= SOURCE MATERIAL =
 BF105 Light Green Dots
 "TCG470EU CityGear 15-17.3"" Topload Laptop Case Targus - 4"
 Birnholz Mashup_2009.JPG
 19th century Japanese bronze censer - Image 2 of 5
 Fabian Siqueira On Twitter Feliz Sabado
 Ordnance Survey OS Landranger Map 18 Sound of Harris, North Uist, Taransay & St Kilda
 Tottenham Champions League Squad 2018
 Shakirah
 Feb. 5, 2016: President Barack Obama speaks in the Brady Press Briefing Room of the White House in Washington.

= REQUIRED WORK =
Retype every line up to and including the one that contains "Fabian Siqueira On Twitter Feliz Sabado", beginning at the first line of the records, with no edits.

= ANSWER TO THE EXERCISE =
 BF105 Light Green Dots
 "TCG470EU CityGear 15-17.3"" Topload Laptop Case Targus - 4"
 Birnholz Mashup_2009.JPG
 19th century Japanese bronze censer - Image 2 of 5
 Fabian Siqueira On Twitter Feliz Sabado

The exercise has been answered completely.